In addition to Weibo, there is also WeChat
Please pay attention
WeChat public account
Shulou
2025-04-06 Update From: SLTechnology News&Howtos shulou NAV: SLTechnology News&Howtos > Internet Technology >
Share
Shulou(Shulou.com)06/02 Report--
Python how to crawl 58.com rental data and crack font encryption, many novices are not very clear about this, in order to help you solve this problem, the following editor will explain in detail, people with this need can come to learn, I hope you can gain something.
[1] the idea of conquering encrypted fonts
F12 open the debugging template, through the page analysis, you can observe that the site where there are numbers, are displayed as garbled, this situation is the font encryption, so what means to achieve font encryption?
There is a @ font-face rule in CSS, which allows you to specify online fonts for web pages, that is, custom fonts can be introduced. This rule is intended to eliminate dependence on computer fonts, and now many websites also use this rule to implement anti-crawling.
You can see the font used in the website on the right, and the others are common Microsoft Yahei, Song style, etc., but there is a special one: fangchan-secret, it is not difficult to see that this should be 58.com 's custom font.
To overcome the encrypted font, then we must analyze his font file, first find a way to get his encrypted font file, also look at the source code, search the fangchan-secret font information in the source code
The selected blue part is the encrypted font string encoded by base64. We decode it into binary encoding and write it into the .woff font file. This process can be achieved through the following code:
Import requestsimport base64headers = {'User-Agent':' Mozilla/5.0 (Windows NT 10.0; Win64) X64) AppleWebKit/537.36 (KHTML, like Gecko) Chrome/75.0.3770.142 Safari/537.36'} url= 'https://wh.58.com/chuzu/'response = requests.get (url=url, headers=headers) # matches the encrypted font string base64_string = response.text.split ("base64) encoded by base64 ") [1] .split ("'") [0] .strip () # Decode the font string encoded by base64 into binary encoding bin_data = base64.decodebytes (base64_string.encode ()) # Save as font file with open ('58font.woffcuts,' wb') as f: f.write (bin_data)
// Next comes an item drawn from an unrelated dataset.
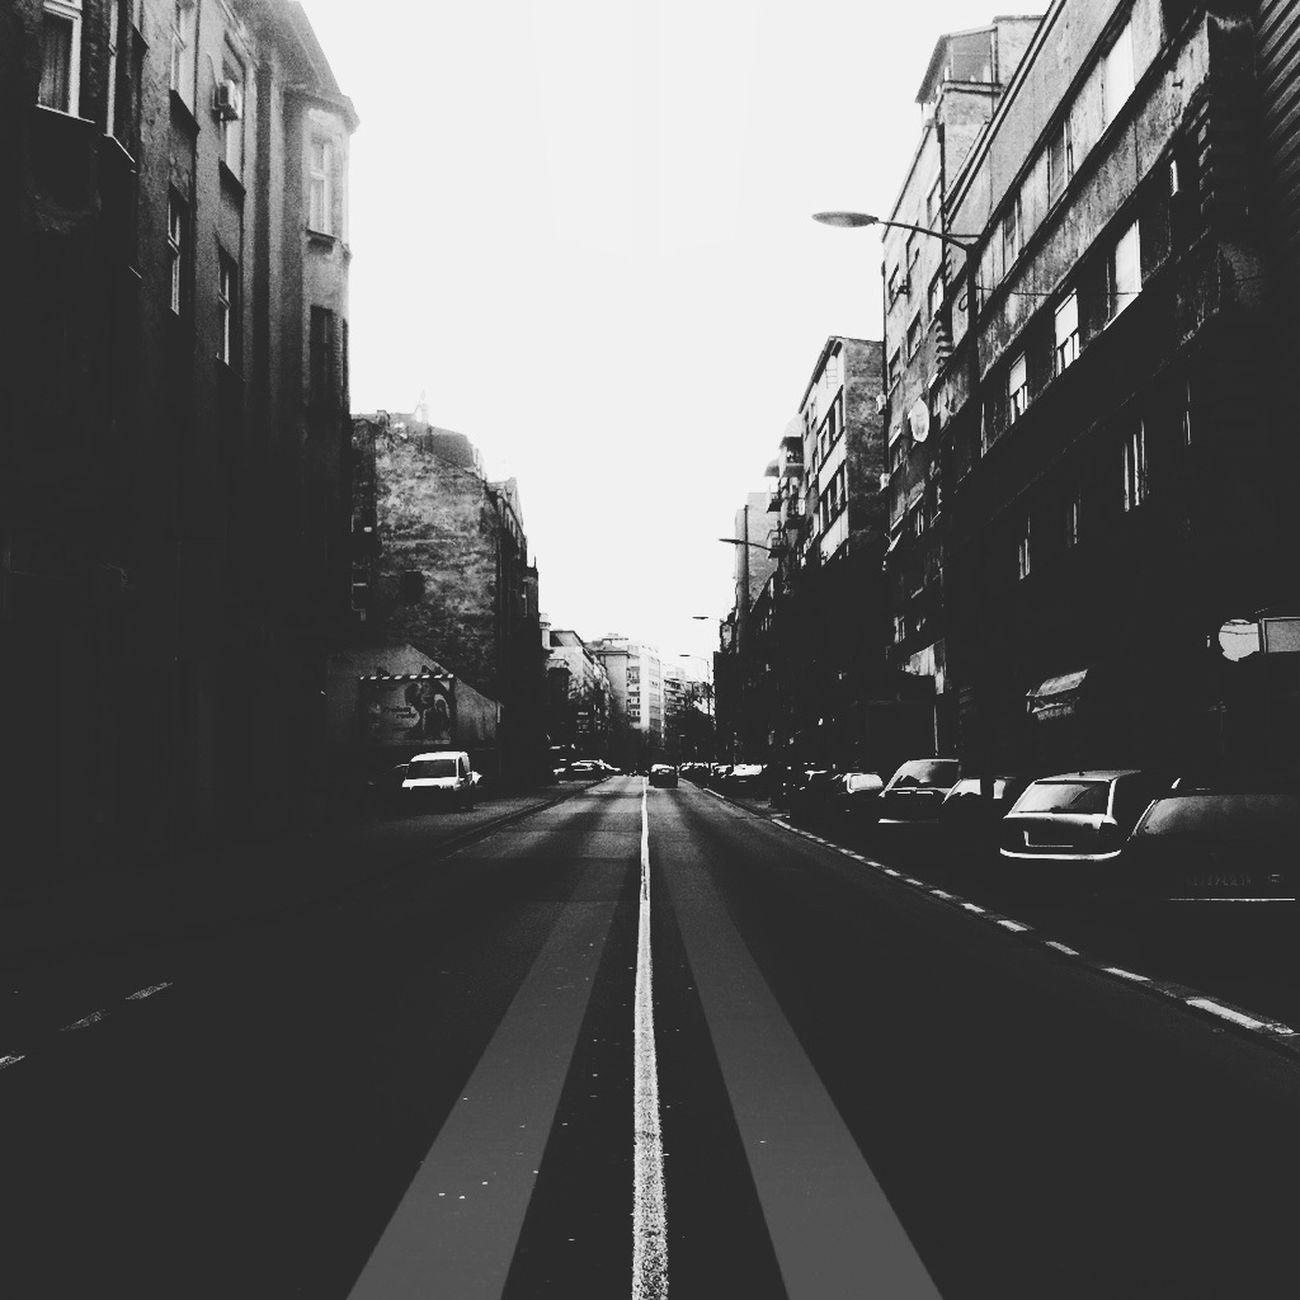 Streetphotography Blackandwhite Streetphoto_bw AMPt - Vanishing Point

After getting the font file, we can use the software FontCreator to see what the font code is:
Look at the code we see in the source code of the web page: similar to ","
Compare the corresponding encoding of font files: similar to uni9FA4 and nui9F92
You can see that except for the first three characters, the latter characters are all the same, except that there is a difference in English case.
Now we might think, isn't it OK to just replace the code with the corresponding number? However, it is not that simple.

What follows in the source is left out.